DATA SUPPLIED:
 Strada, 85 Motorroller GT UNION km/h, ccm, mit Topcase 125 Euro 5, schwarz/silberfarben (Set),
* * *
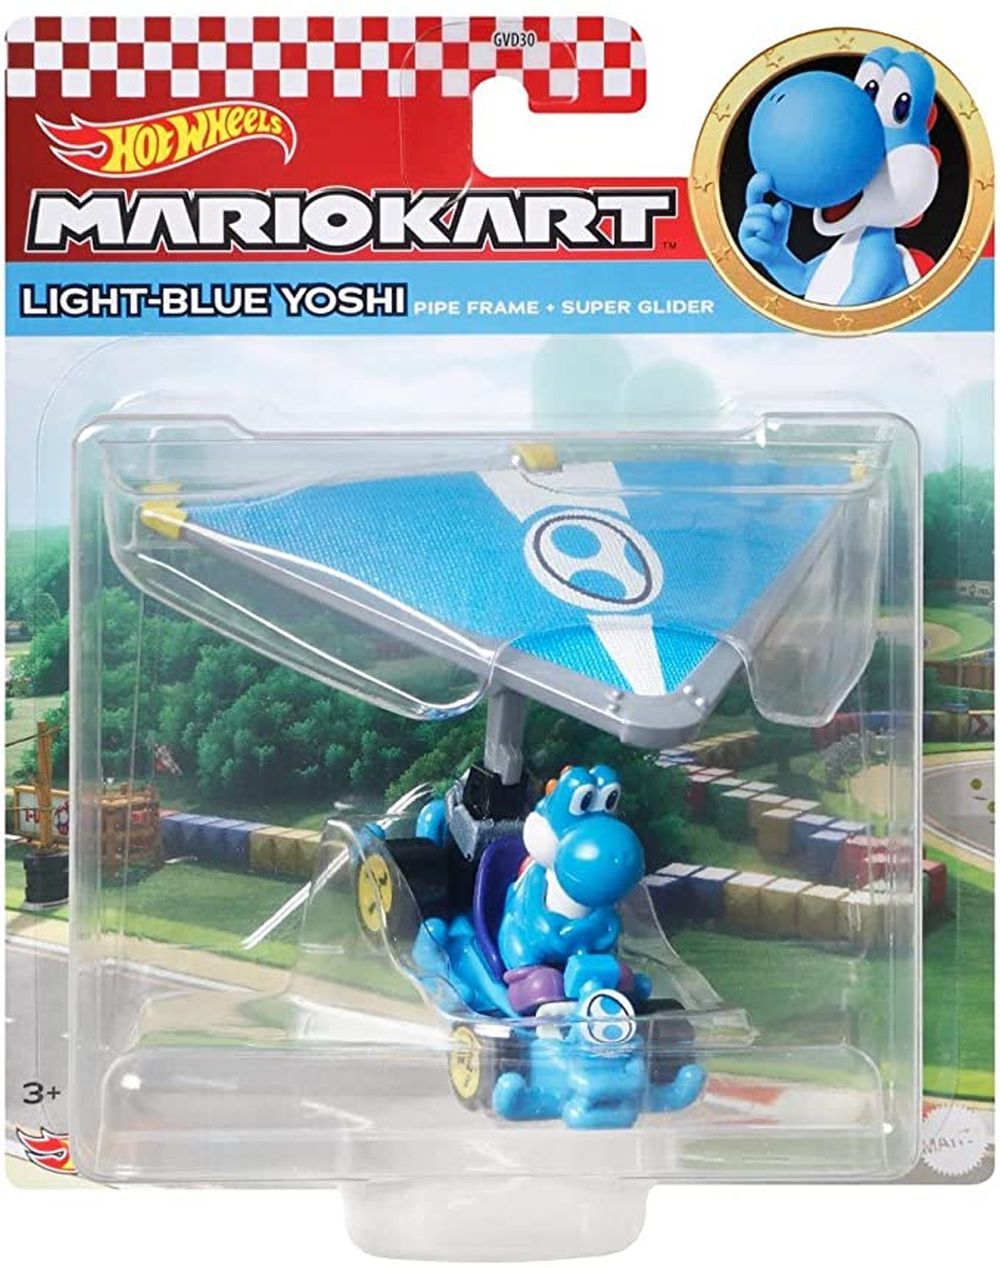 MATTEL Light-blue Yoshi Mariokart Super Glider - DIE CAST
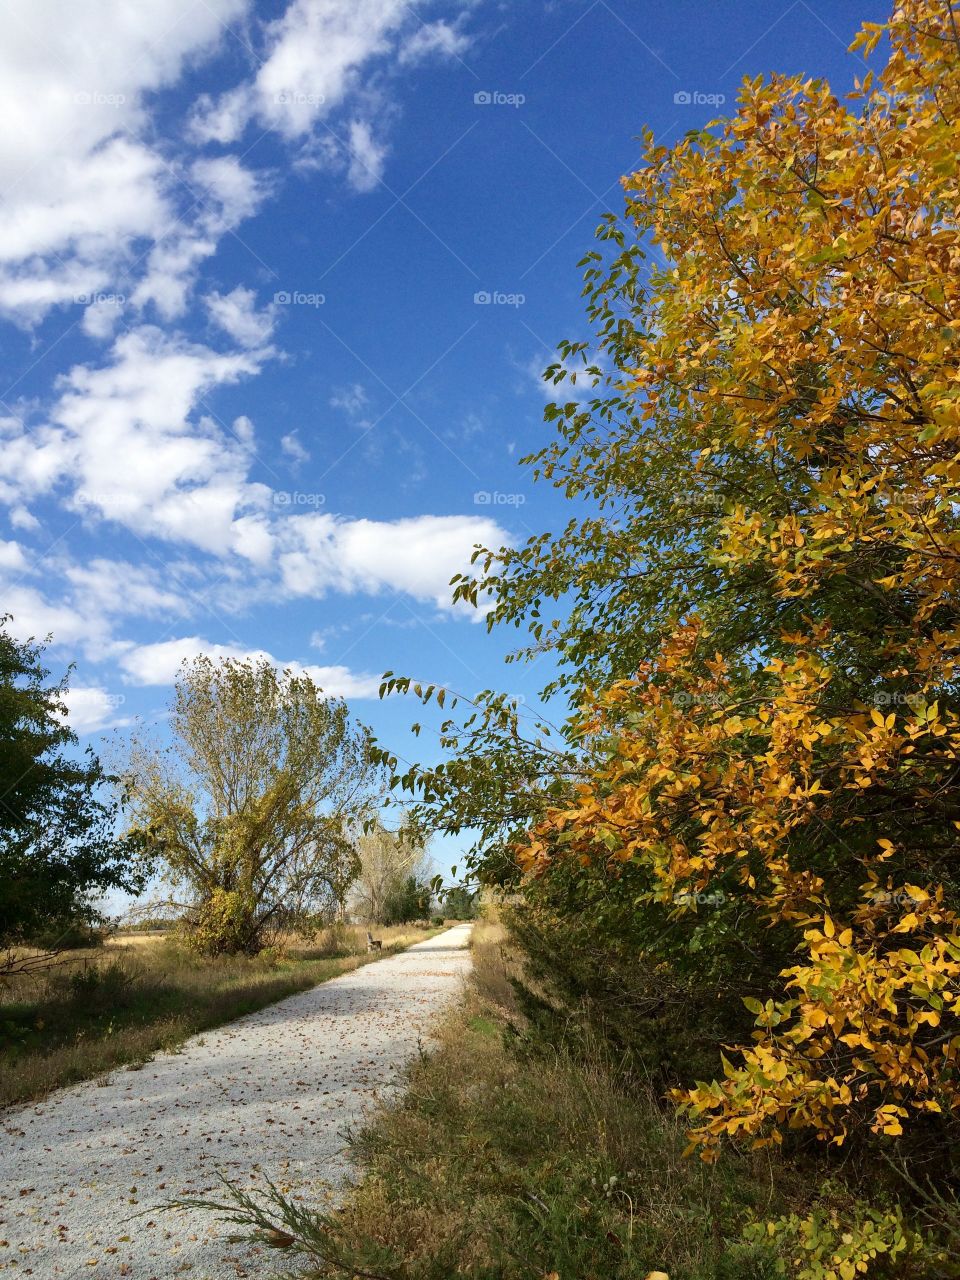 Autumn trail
* * *
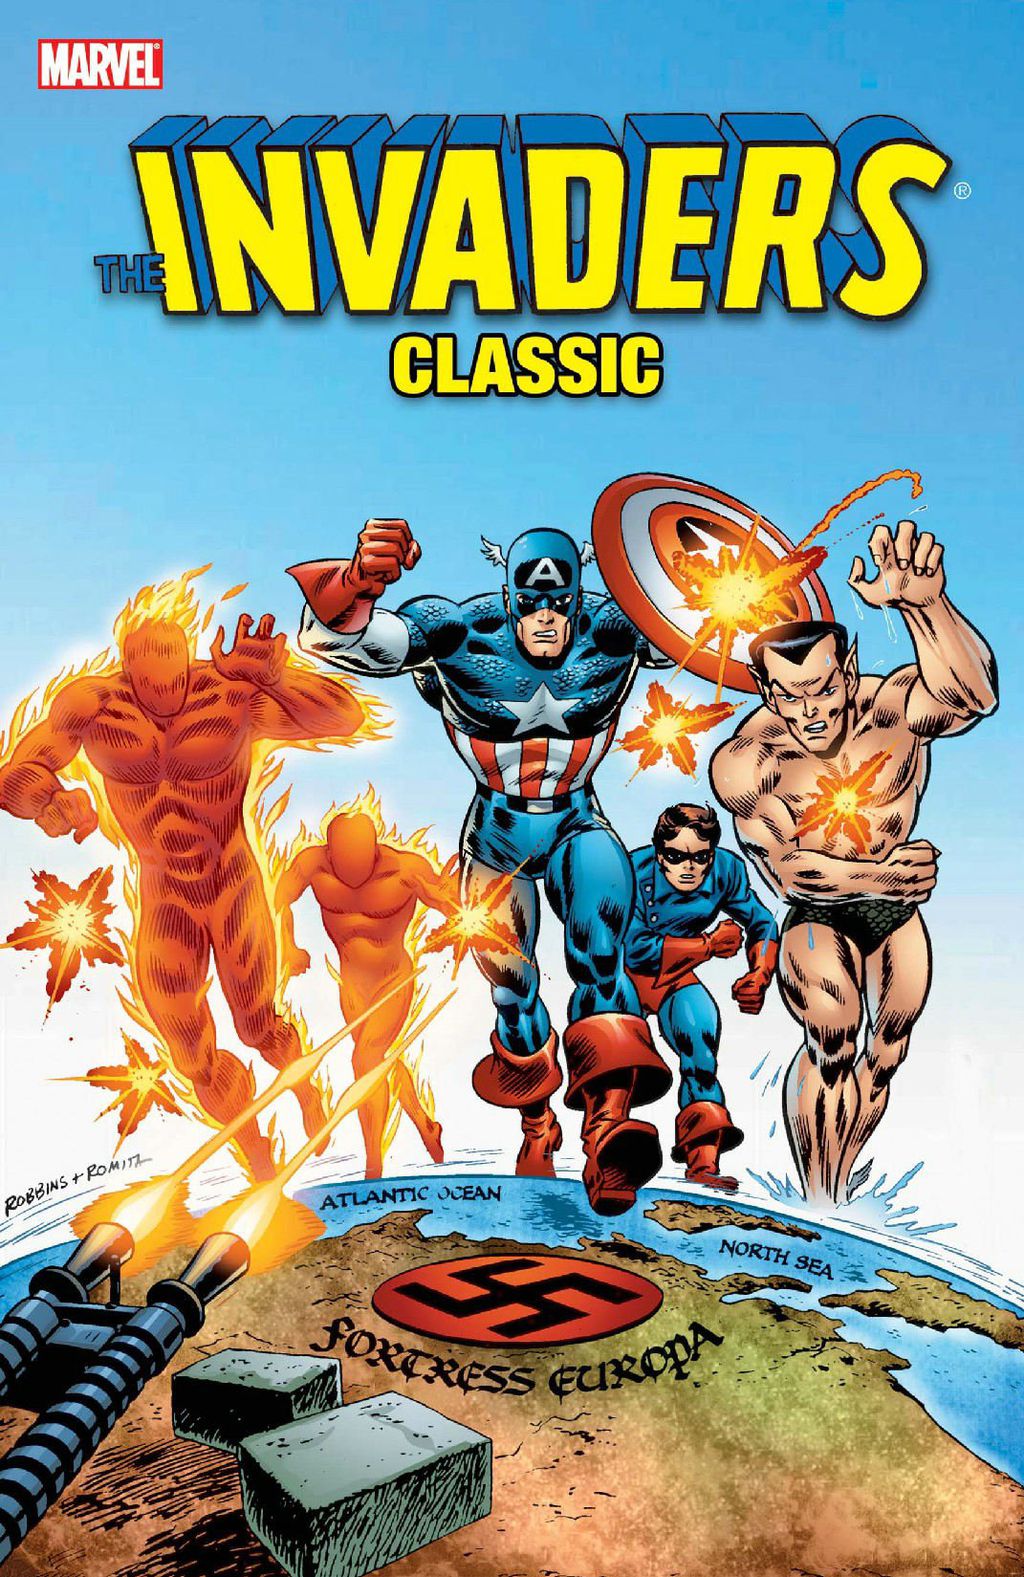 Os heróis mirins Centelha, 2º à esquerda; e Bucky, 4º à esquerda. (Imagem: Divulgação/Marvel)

THE TASK:
Could you output exactly the lines above, from the line with "MATTEL Light-blue Yoshi" up to and including the line with "Autumn trail", and nothing else, skipping the pictures?

EXPECTED ANSWER:
 MATTEL Light-blue Yoshi Mariokart Super Glider - DIE CAST
 Autumn trail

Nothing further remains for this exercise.